Understanding your time-to-market helps you know how fast you can adapt to market trends and customer needs. It also helps you track how quickly you can have products for customers to test, and how soon you can make changes based on those test results.
The HomeMoney development team takes close to seven weeks to take an idea from the board to the marketplace. What can be done to reduce this time? Although it may not impact customers directly, it certainly adds to the cost-of-delay for the feature delivery.
Ability to Innovate
Your team’s ability to innovate is the measure of how effectively you deliver new capabilities that customers find useful.
Taking a critical look at your ability to innovate helps you understand the obstacles that block your team from taking advantage of opportunities to deliver new customer experiences.
The team should consistently look out for new technologies that can be leveraged as well as the technical debt of the current application. Technical debt may prevent teams from innovating. Team skill set also plays an important role in this area.
HomeMoney’s development team should tap into the latest and greatest banking technologies available and consistently monitor its technical debt which should help HoneyMoney to innovate more on its banking app.
In prioritization, striking a right balance between user value and business value is the key.
Current value and unrealized value can be categorized as user or customer value and time to market and ability to innovate can be considered as business value.
Every Product Owner must decide where the team’s energy can best add value to their project. This is one of the most difficult, and most important, elements of a Product Owner’s job.

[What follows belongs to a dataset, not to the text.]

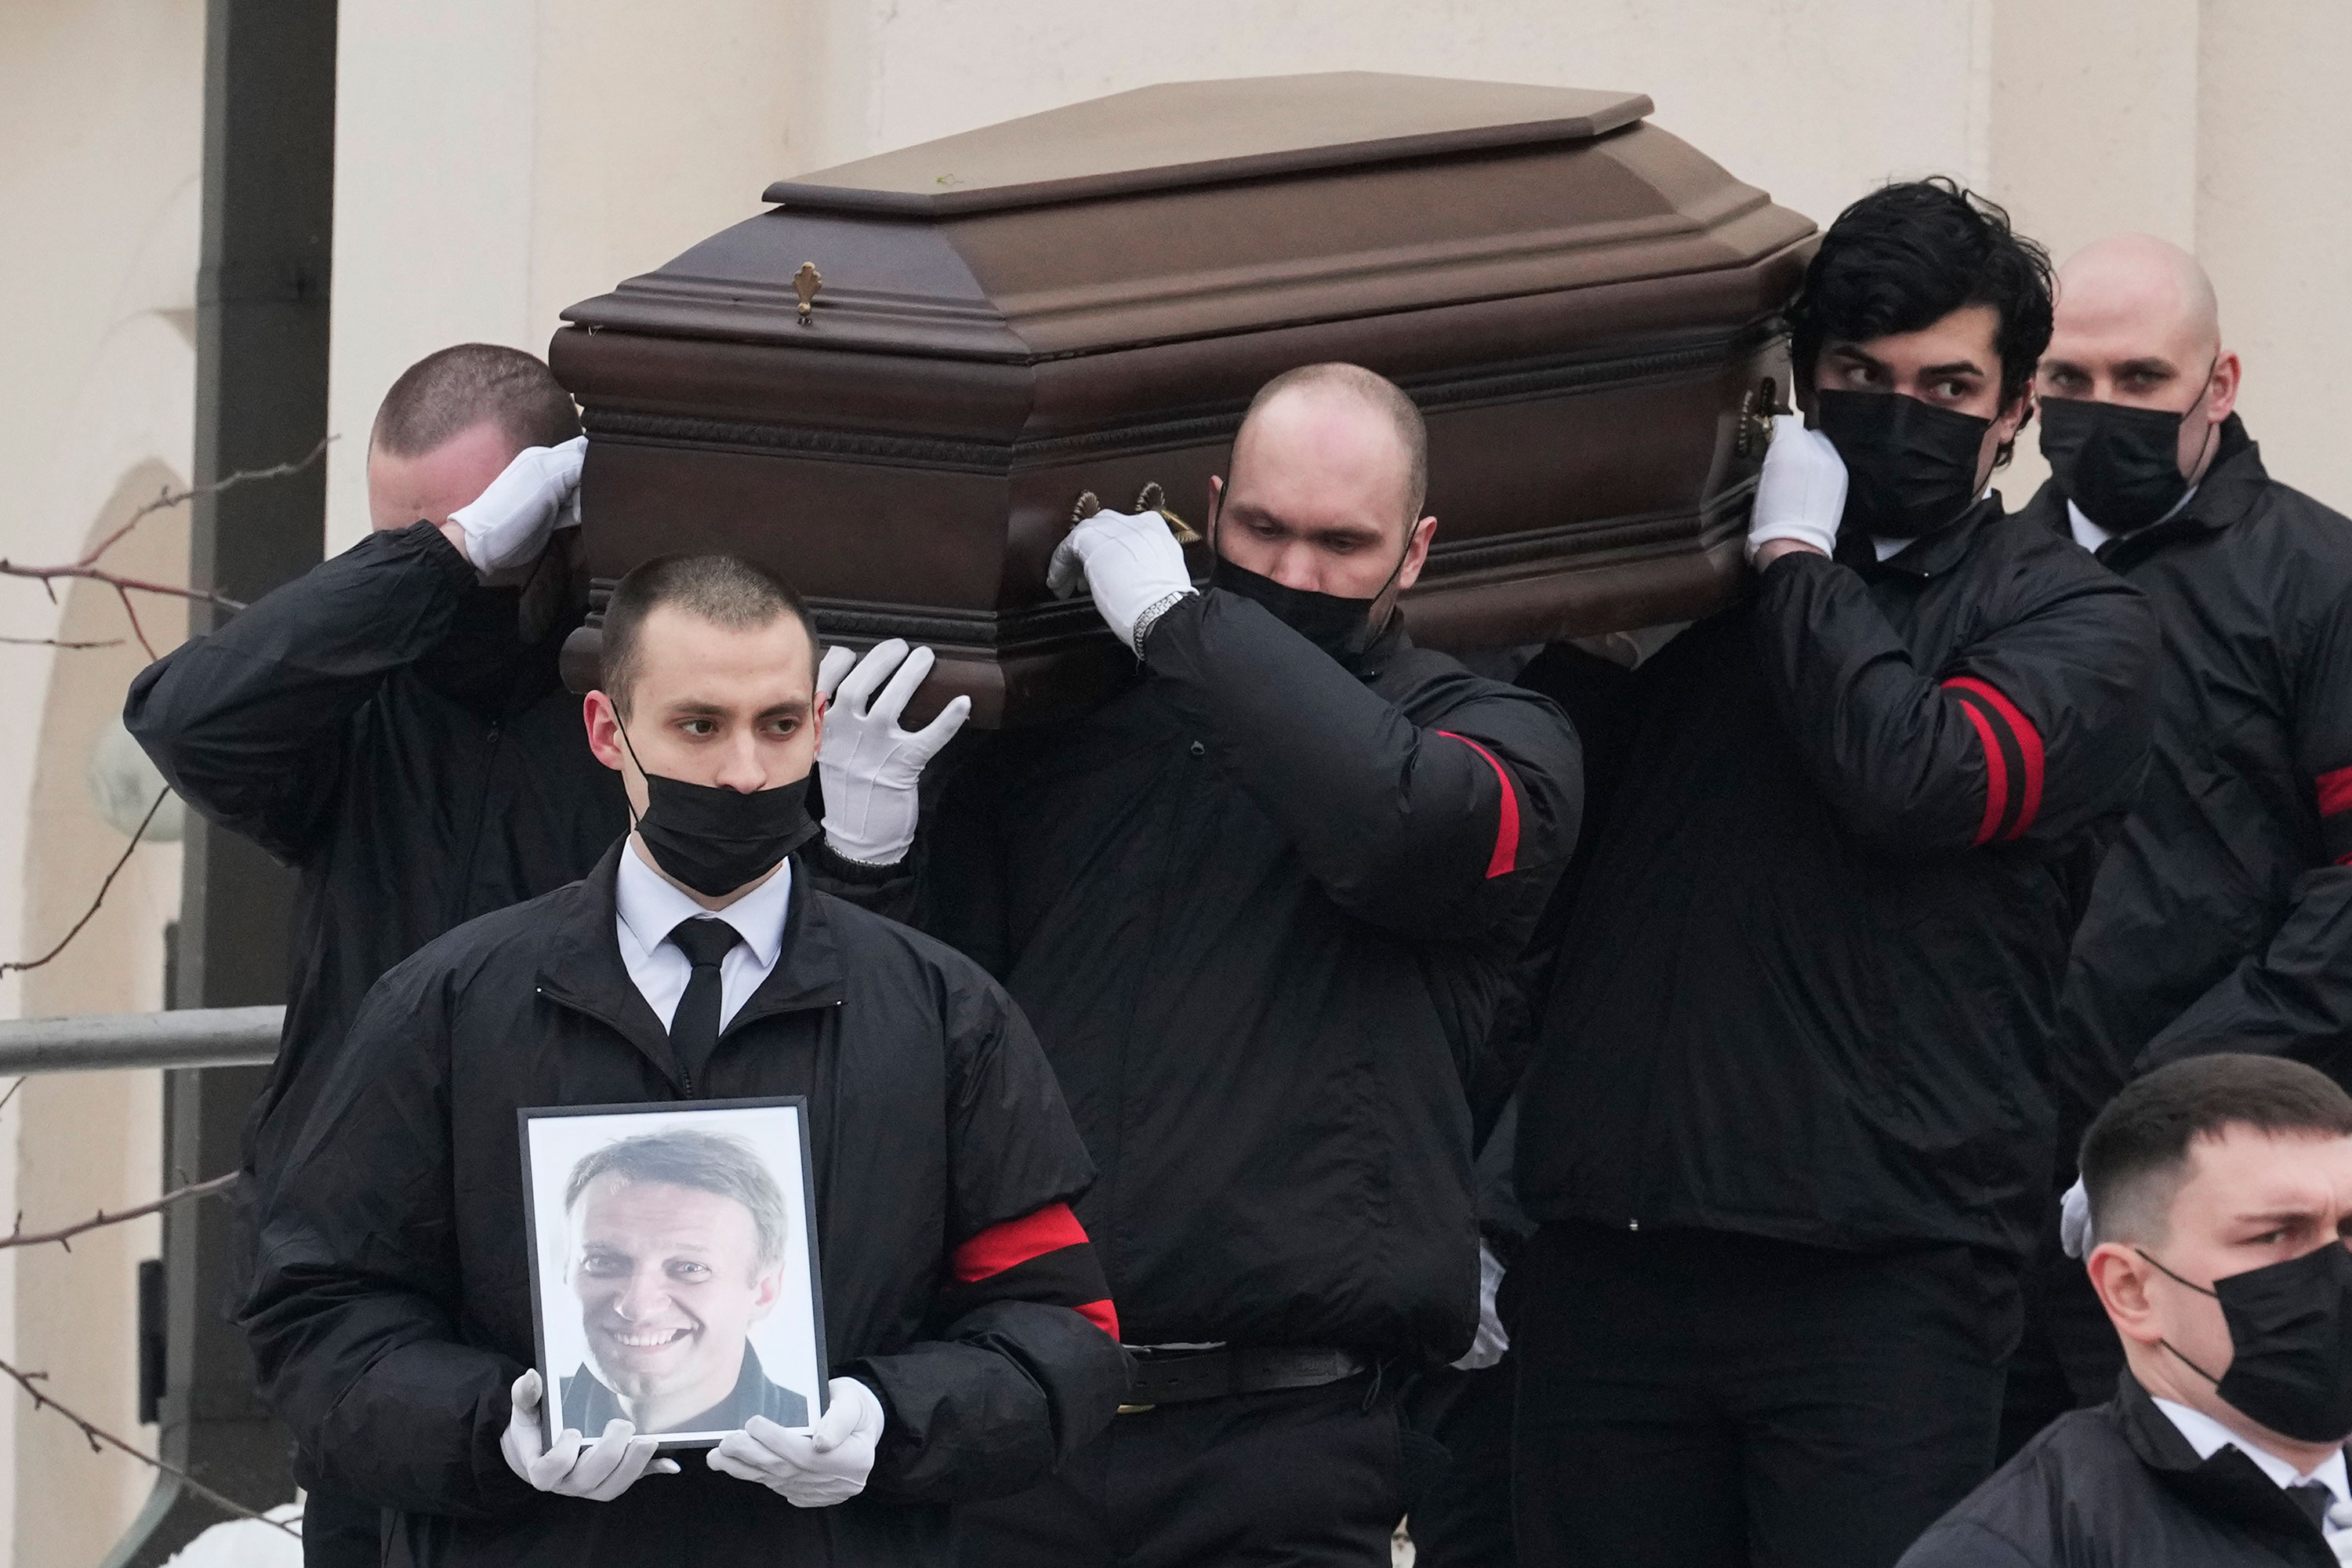 Navalny's coffin is carried out of the church after the funeral.

The decision is made complicated by the fact that prioritization is relative. There is no perfect answer, no absolute to follow, when setting value priorities. There are always conflicting priorities that the Product Owner must navigate.

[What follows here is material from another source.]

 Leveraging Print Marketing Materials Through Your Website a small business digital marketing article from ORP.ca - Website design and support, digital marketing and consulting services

As a Product Owner, do you know the outcome?
The secret to prioritization is to prioritize your outcomes first.
The Product Owner must always be aware of the desired outcomes for their product. Outcomes might include:
- Increased Mobile User Base
- Increased Bill Payments from Mobile apps
- Reduce Technical Debt
- Try out Zelle for Bank Transfer
The Product Owner must understand these desired outcomes, and the methods being used to measure them.
Based on outcomes, prioritize relevant outputs—like features, stories, and enablers—with those goals in mind.
Remember, the key is to optimize value by taking into consideration different viewpoints and potential outcomes. By carefully thinking about all the ways you can add value, you’re less likely to miss opportunities for growth.
Prioritizing Value: Things to Remember
A good Product Owner prioritizes value based on the maturity of the product.
New products require more focus on the unrealized value. The basic, essential features of the product should be made functional first.
As a product matures in the marketplace, value delivery must be constantly reviewed.
Optimize Your Value Delivery
Too often, Product Owners focus on current value and unrealized value, ignoring time-to-market and the ability to innovate. Because they are more technical, those last two types of value tend to fall through the cracks.
Neglecting to prioritize time-to-market and ability to innovate affects a team’s ability to make new features for a product.
You’ll find that focusing solely on current and unrealized value leads to a stage where even small changes to a product take too long to develop.
A product’s economic value to a company decreases as it costs more and more to make changes to that product when we neglect time-to-market and the ability to innovate.